The next day was a very long one travelwise. We left Fez around 8:30 for Assilah, a small fishing village on the Atlantic coast. The bus ride took forever, we didn't get to Assilah until 1:00. Before we got off our tour directors told us something that again painted the reality of life in Morocco- they told us that if we talked to anyone we should not tell them that we were going to Spain because of the probability that they would use us to get on the bus so that they could get out of the country. That said, once we got to Assilah we just kept to ourselves. They provided us with picnic lunches, so we headed straight for the beach. Assilah's coastline was very similar to Rabat's, only more beautiful and more dramatic. We ate our lunches on the rocks that sat high above the water and spent the afternoon exploring the coast and the village. The town itself was very pretty, much like the Medina in Rabat with the whitewashed and blue buildings. I saw two things I've never seen before - a herd of camels and a man with a monkey on a leash.

We left Assilah at 3:30 and headed to Tangiers to catch the ferry back to Spain. On the way there the tour directors warned us again in regards to the possibility that some Moroccans would be trying to sneak out of the country and into Spain and that it could get slightly hectic as we got closer to Tarifa. They weren't kidding - when we were about 30 minutes from Tangiers a group of younger teenage boys started running down the bus, jumped onto the back bumper, and hung onto the outside while the bus was moving full speed down the highway. Every now and then they would have to jump off because of a passing police officer, but the trend continued more or less the whole way there. At one point there were five boys hanging on the back of the bus. It was both absolutely insane and heartbreaking to witness to think of how tough life must be that they would be so desperate to get to Spain. From what we learned on the trip the immigration problems with Morocco and Spain are similar to those of Mexico and the United States.

The trip back had multiple delays that added up and by the time we got back to Sevilla it was after 1:00 in the morning. All in all, the trip was incredible in every sense of the word and I am so glad that I went. It was one of the most eye-opening experiences of my life and though it sounds so cliche, it really demonstrated how many blessings I have in my life. I'm not sure if I would go back to Morocco or not but being there made me want to travel to Subsaharra Africa more than ever before. I was completley exhausted by the end of it all - let's just say I didn't make it to my 9:30 class on Monday morning.
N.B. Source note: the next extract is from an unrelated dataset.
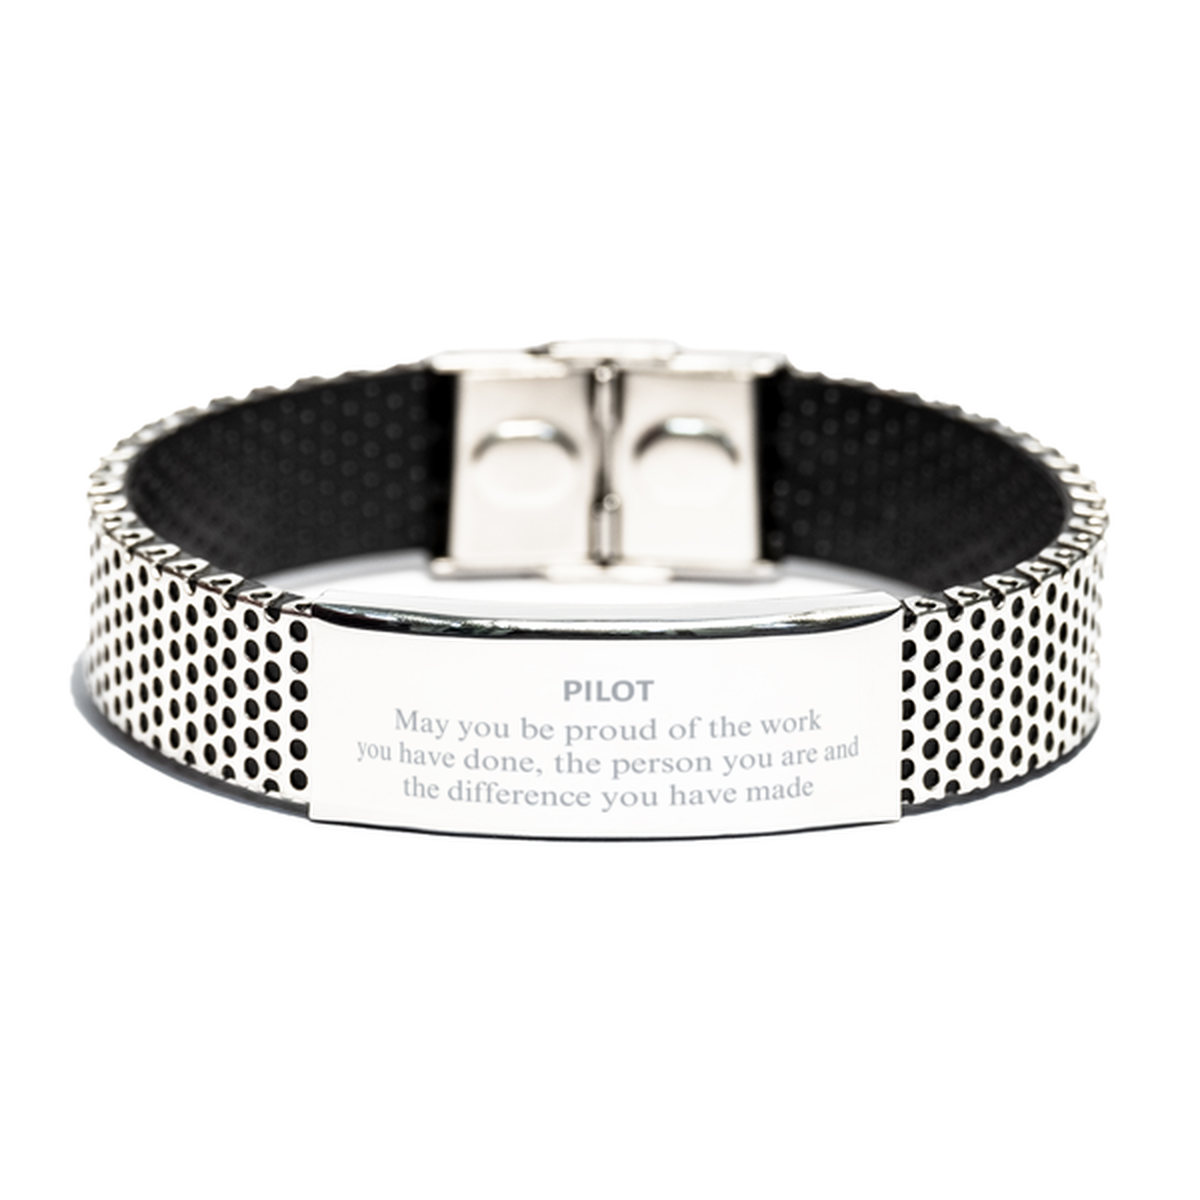 Pilot May you be proud of the work you have done, Retirement Pilot Stainless Steel Bracelet for Colleague Appreciation Gifts Amazing for Pilot
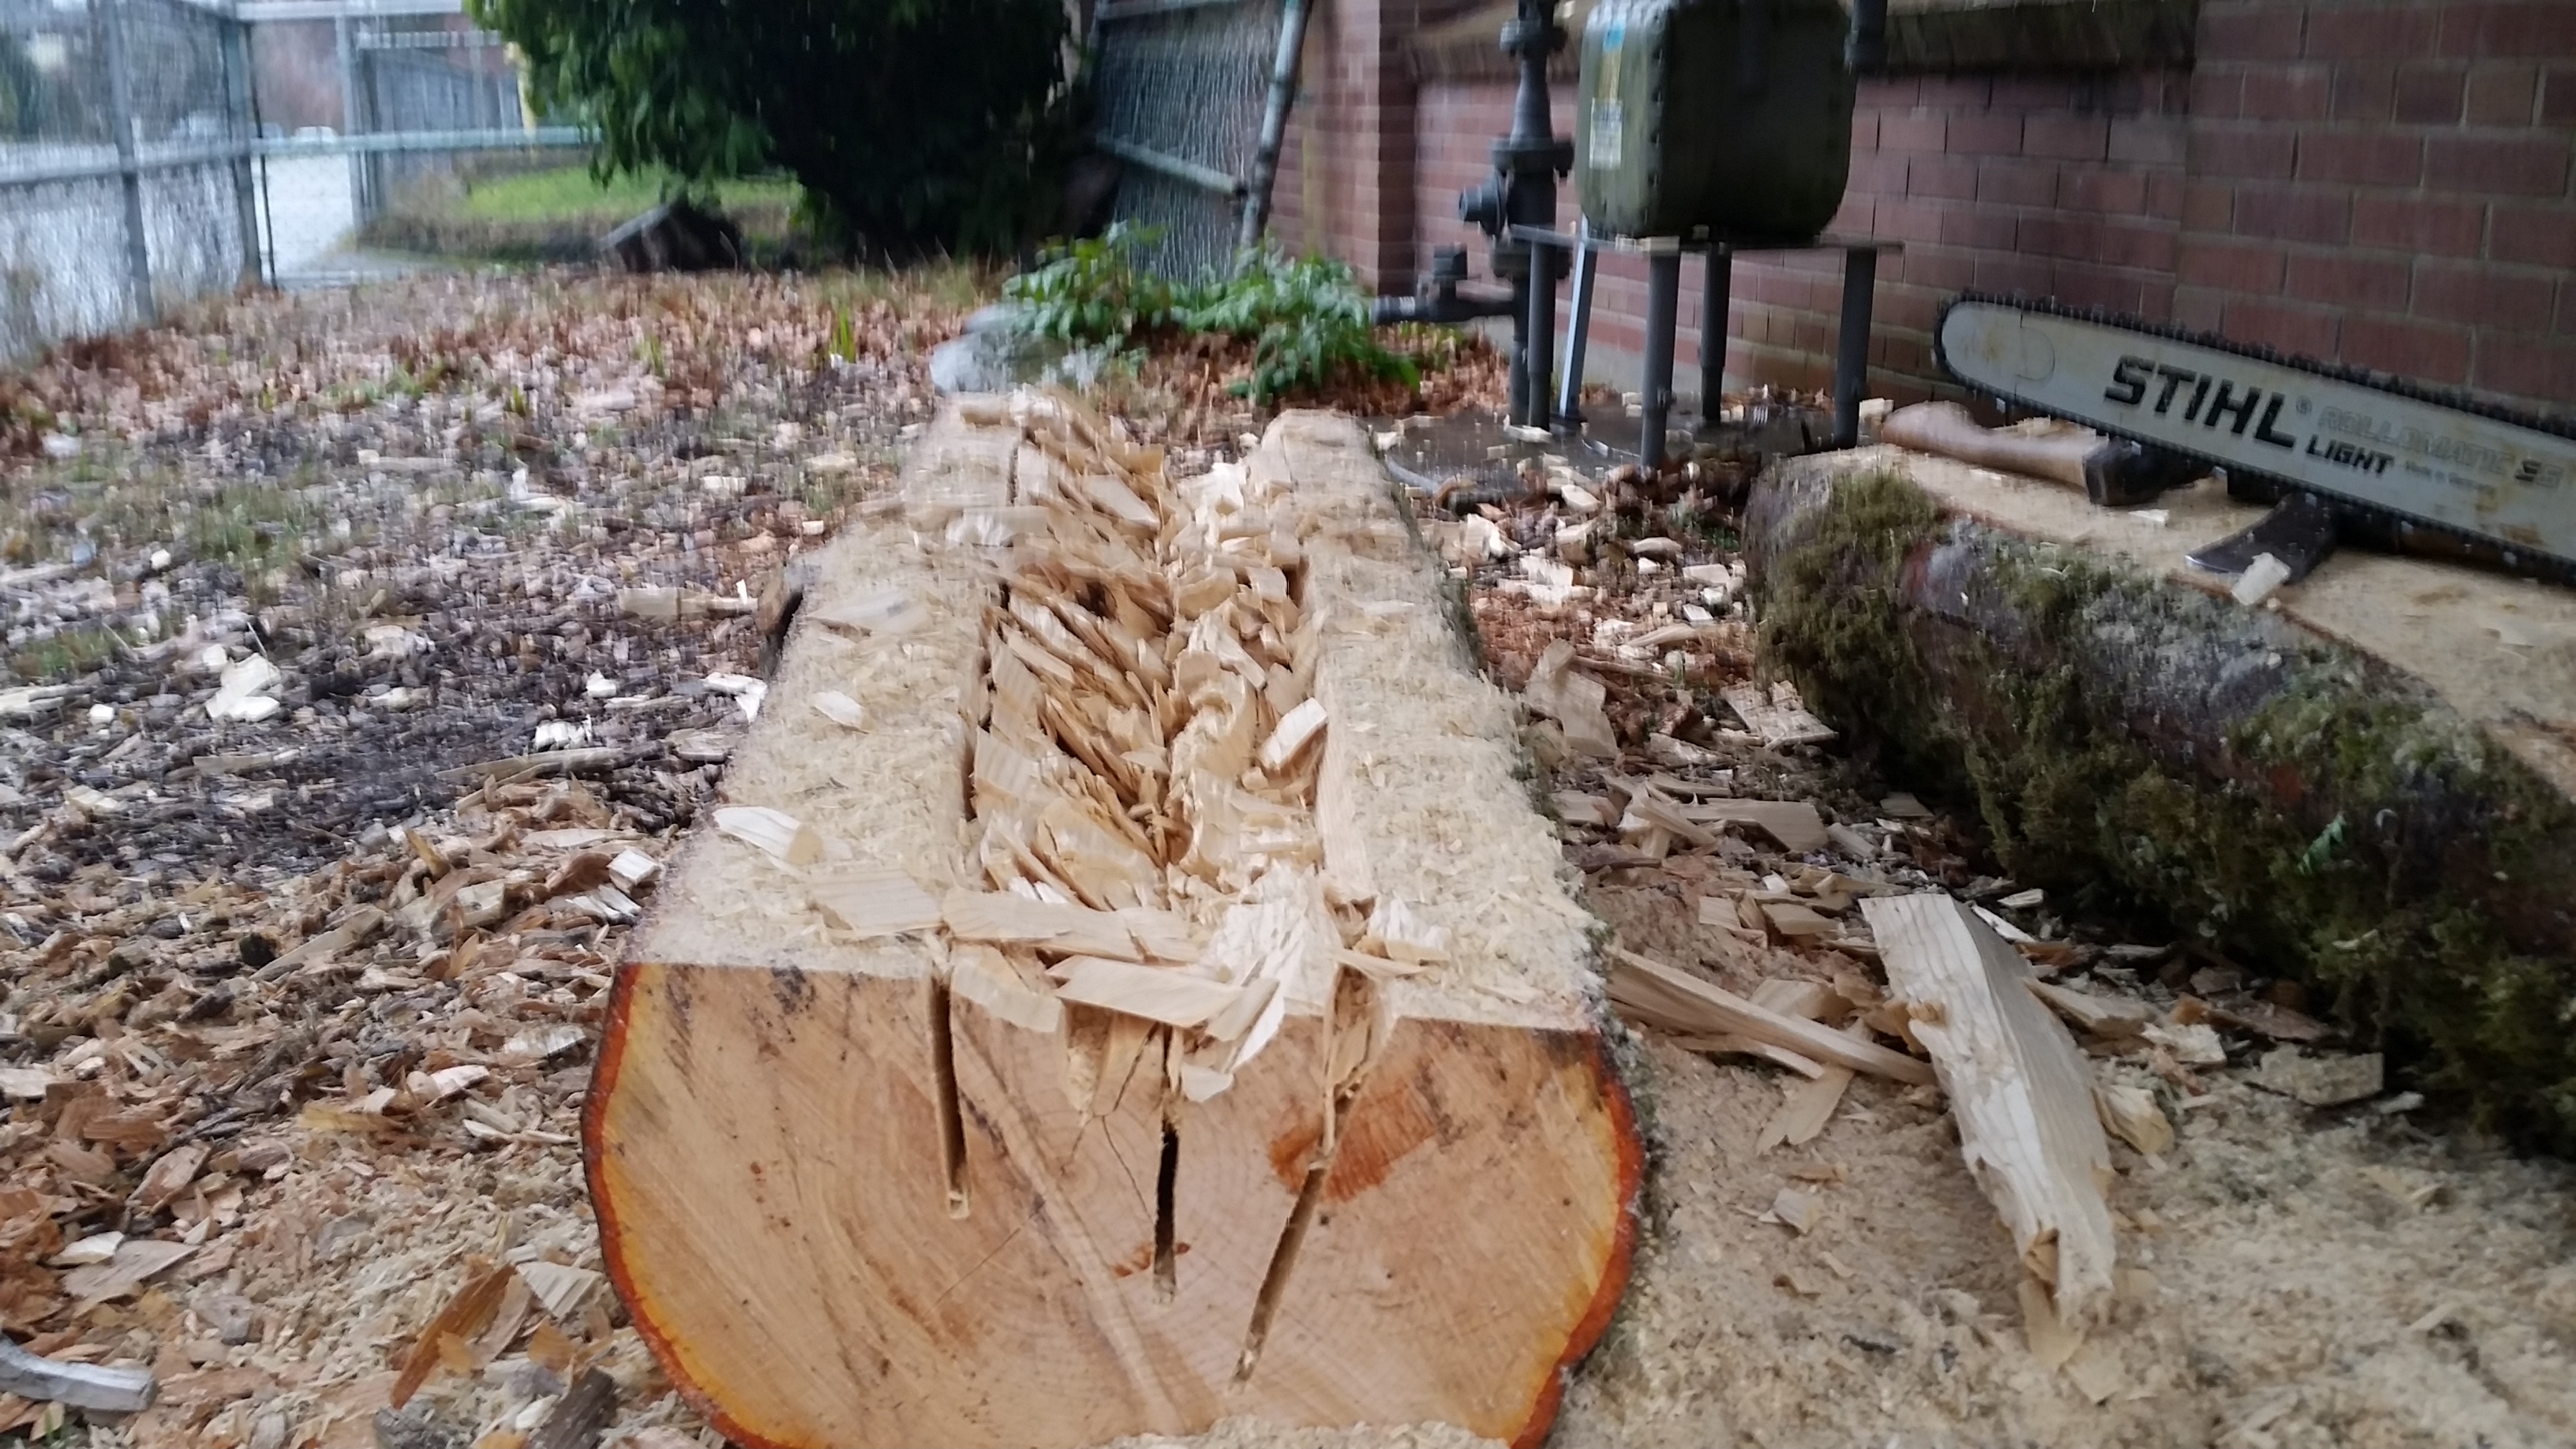 Chainsaw slits to hack out the wood easier

Now I'm back in Sevilla and the weather is cold and rainy again, so everyone is pretty much spending their time being lazy, myself included. I'm going to Granada, another city in Southern Spain, this week through a trip that the UNC program arranges for everyone. My roommate, who is in a different track of the program, went a few weeks ago and had an incredible time so I'm really looking forward to it. I'll be back to update after that. Miss and love you all - adios!